Growing winter vegetables helps you prolong the growing season, and many winter vegetables yield crops earlier than spring plantings.
You would have already expanded if you were very organized in late spring/early summer. These will be well underway by autumn, and you would have already begun planting your winter vegetables outdoors.
Here’s a list of the 10 cold-hardy vegetables everyone should be growing through fall and winter.
10. Parsley.
Although many herbs die off as the weather gets colder, parsley can thrive in subzero temperatures and even snow. This aromatic green is full of nutrients as well as being cold-hardy. Vitamin A, folate, iron, calcium, and potassium are also abundant.
Flavonoids, such as apigenin and luteolin, which are plant compounds with many possible health benefits, are abundant in parsley. These flavonoids may be particularly beneficial in preventing memory loss and age-related brain changes. According to one study, a luteolin-rich diet decreased age-related inflammation in the brains of aged mice and enhanced memory by inhibiting inflammatory compounds.
9. Radishes.
The spicy flavor and crunchy texture of these jewel-toned vegetables are well-known. Some varieties are highly cold-hardy and can tolerate temperatures below freezing. Vitamins B and C, as well as potassium, are abundant in radishes.

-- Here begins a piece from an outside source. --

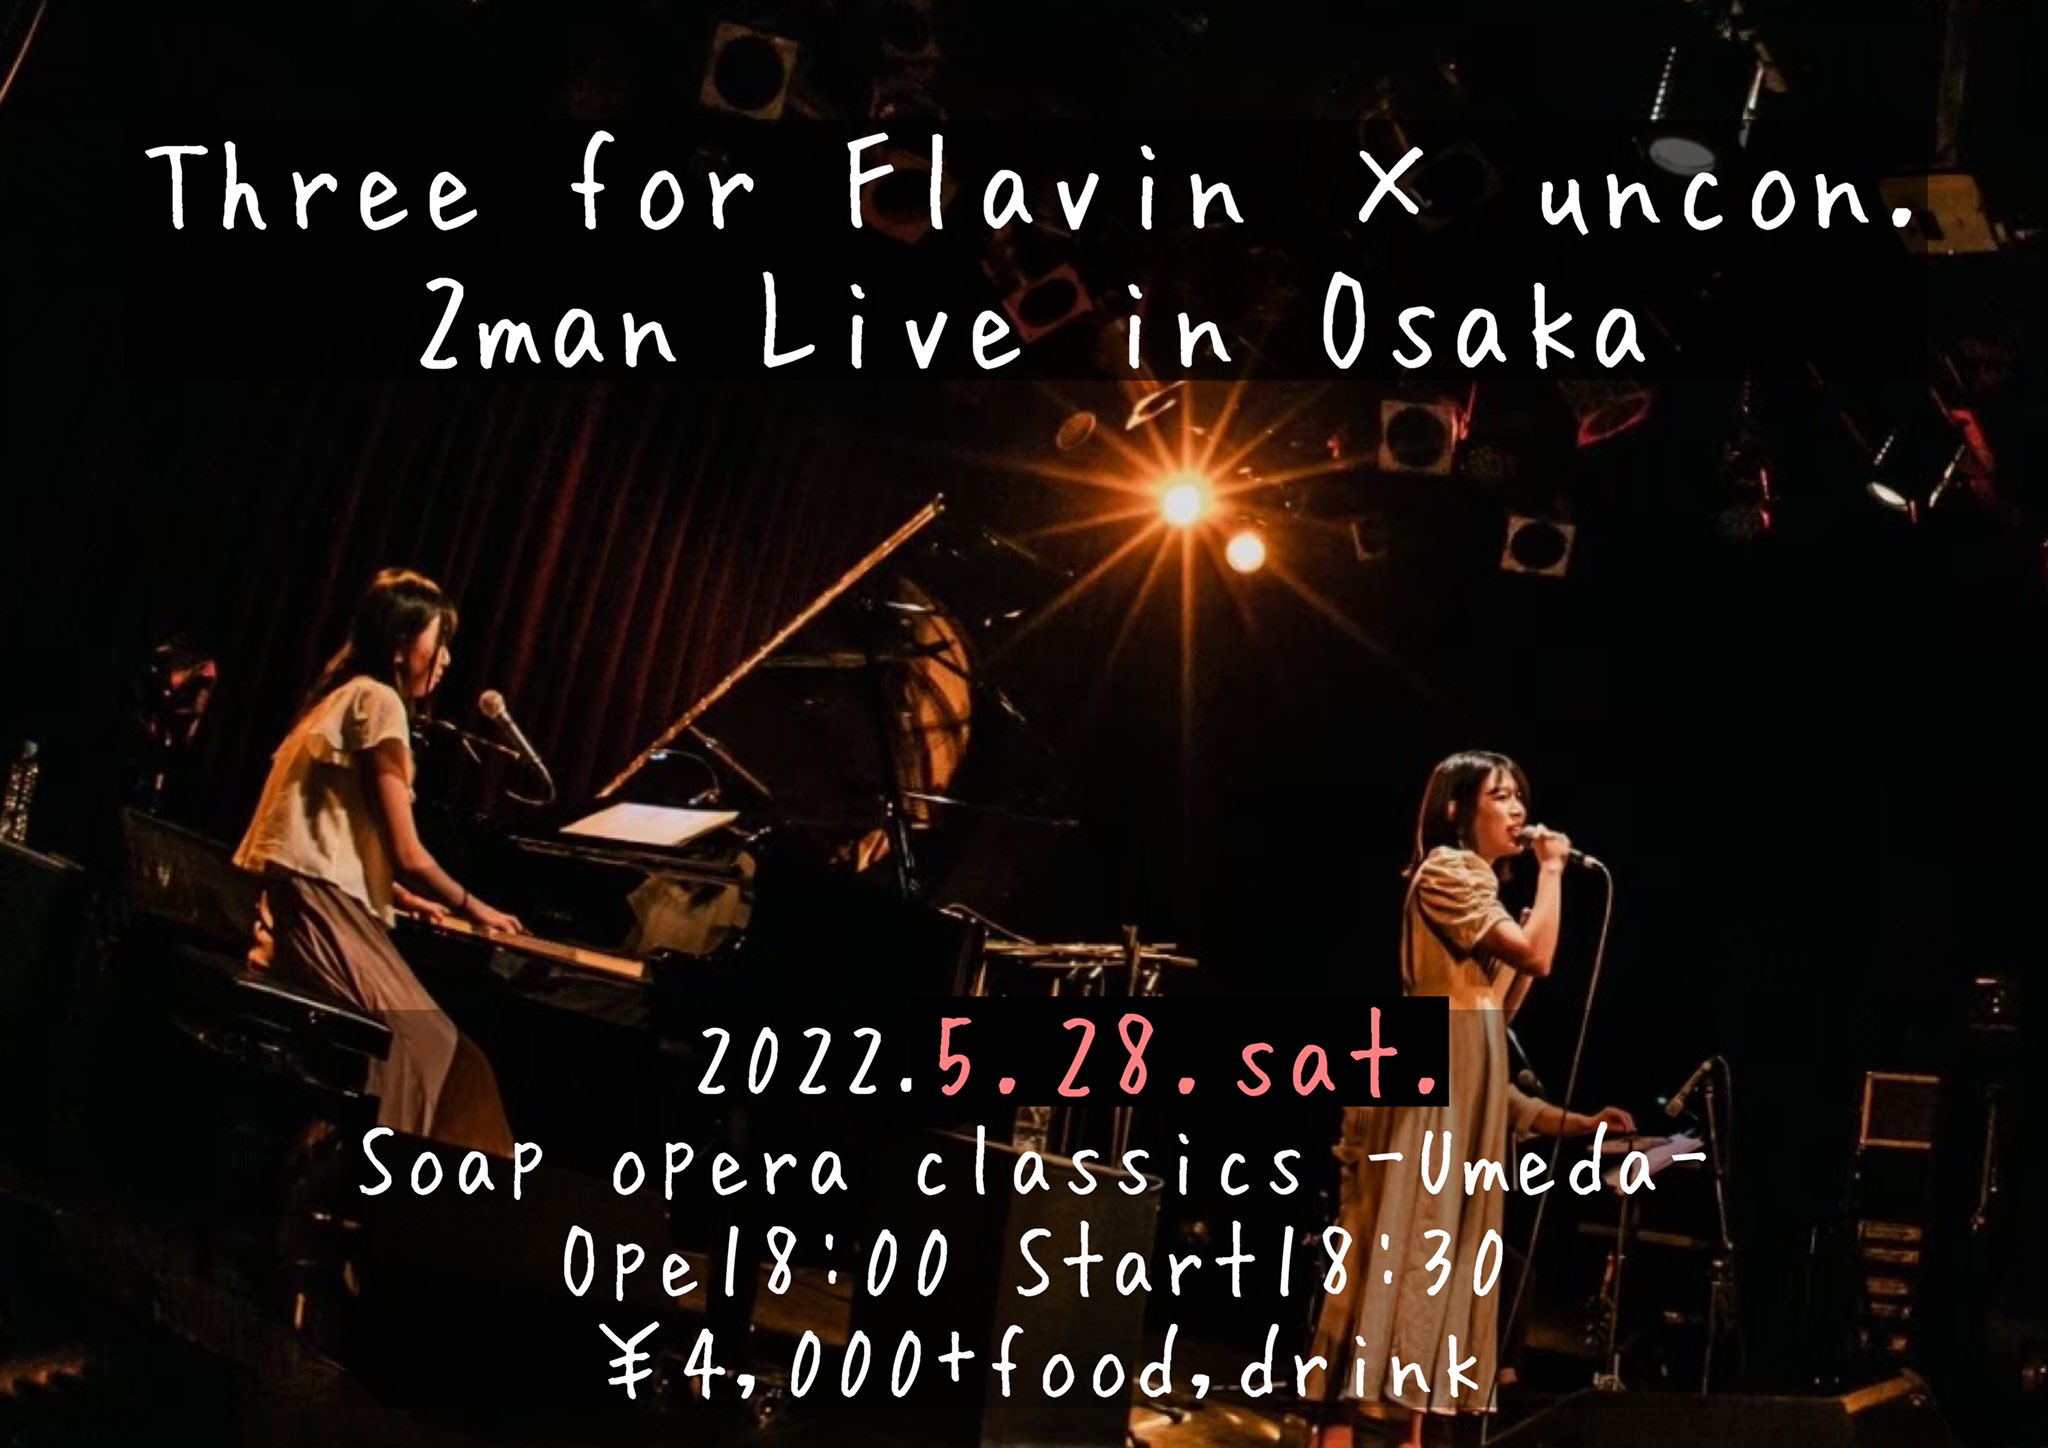 Three for Flavin×uncon. 2man Live in Osaka

Isothiocyanates, a sulfur-containing compound that has been linked to several health benefits, are responsible for their peppery flavor.
In the body, these potent plant compounds serve as antioxidants, reducing inflammation. Radishes have been tested extensively for their cancer-fighting properties. In reality, isothiocyanate-rich radish extract inhibited the growth of human breast cancer cells in a test tube sample.
8. Red Cabbage.
Cabbage is a cruciferous vegetable that grows well in the cooler months. Although both green and red cabbage are nutritious, red cabbage has a higher nutrient profile. One cup (89 grams) of raw red cabbage contains 85 percent of the daily recommended vitamin C intake, as well as high levels of vitamins A and K. B vitamins, manganese, and potassium, are all abundant in it.

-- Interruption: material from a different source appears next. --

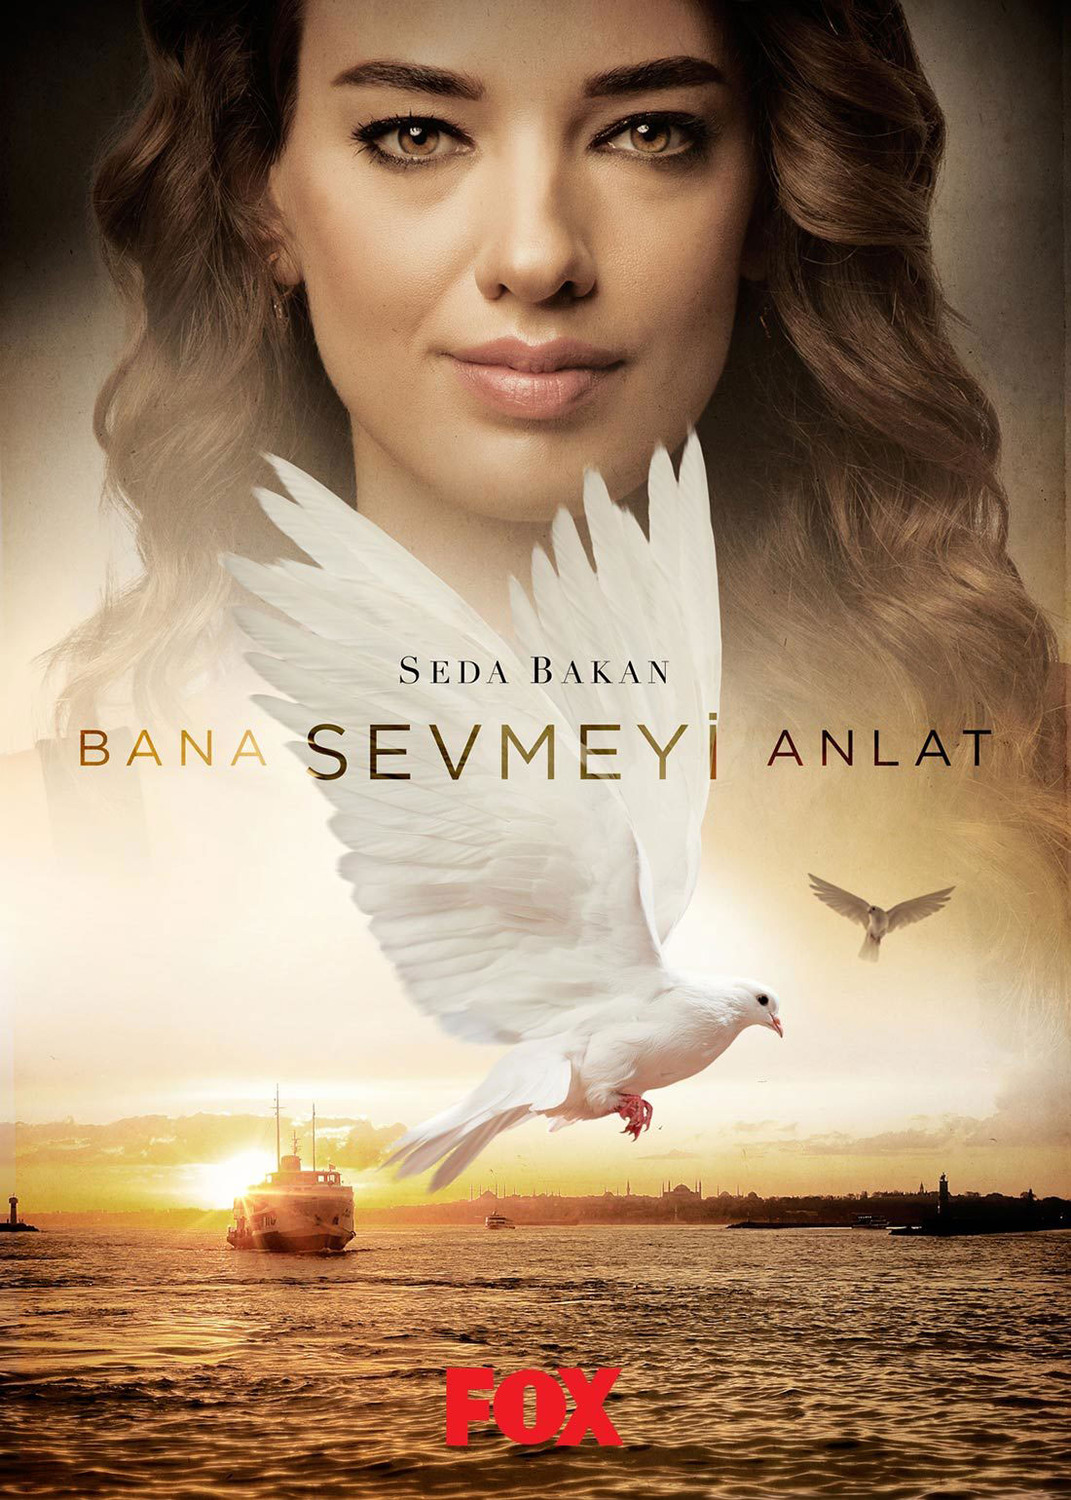 Extra Large TV Poster Image for Bana Sevmeyi Anlat (#2 of 4)

The antioxidant quality of red cabbage is where it really shines. Anthocyanin pigments are responsible for the vivid color of this vegetable. Anthocyanins are antioxidants that belong to the flavonoid family and have been connected to various health benefits.

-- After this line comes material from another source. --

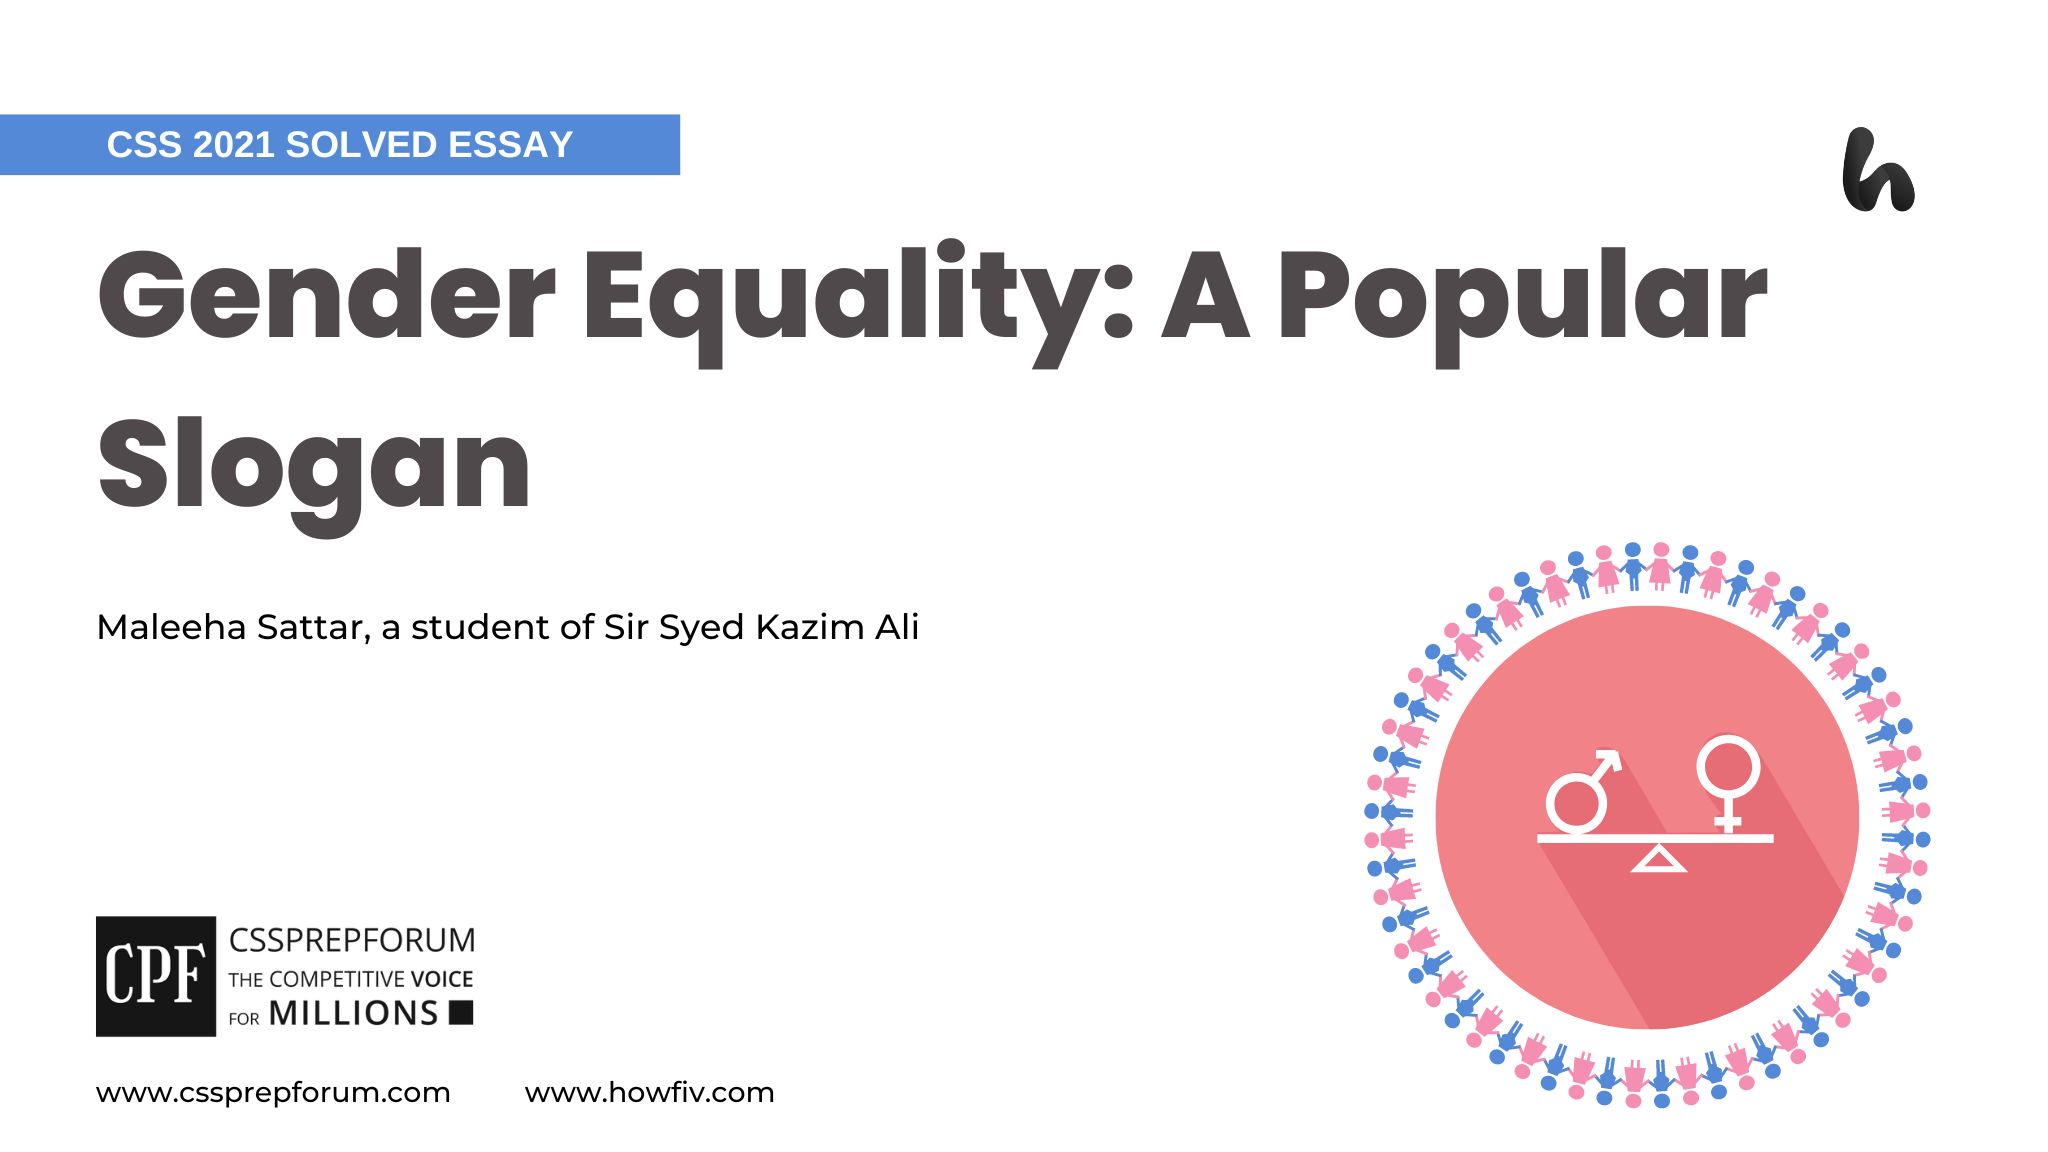 Gender Equality: A Popular Slogan by Maleeha Sattar

One of these advantages is the likelihood of lowering heart attack risk.
7. Rutabagas.
Rutabagas, considering their high nutrient content, are an underappreciated root vegetable. They grow best in cold weather and develop a sweeter taste as the seasons change. All parts of the rutabaga plant can be eaten, including the leafy green tops that stick up from the ground.
One cup of cooked rutabaga (170 grams) contains more than half of the daily vitamin C recommendation and 16% of the daily potassium recommendation.
Potassium is needed for heart and muscle contraction. It also helps regulate blood pressure. Studies have shown that eating a potassium-rich diet can help lower blood pressure.
6. Collard Greens.
Collard greens are a type of vegetable that belongs to the Brassica family. Not to mention that it is one of the group’s most cold-hardy plants. This slightly bitter green can survive sustained freezing temperatures and tastes better after being exposed to frost. Collard greens’ bitterness is probably linked to the plant’s high calcium content. One study found that the most bitter vegetables were those with the highest calcium content.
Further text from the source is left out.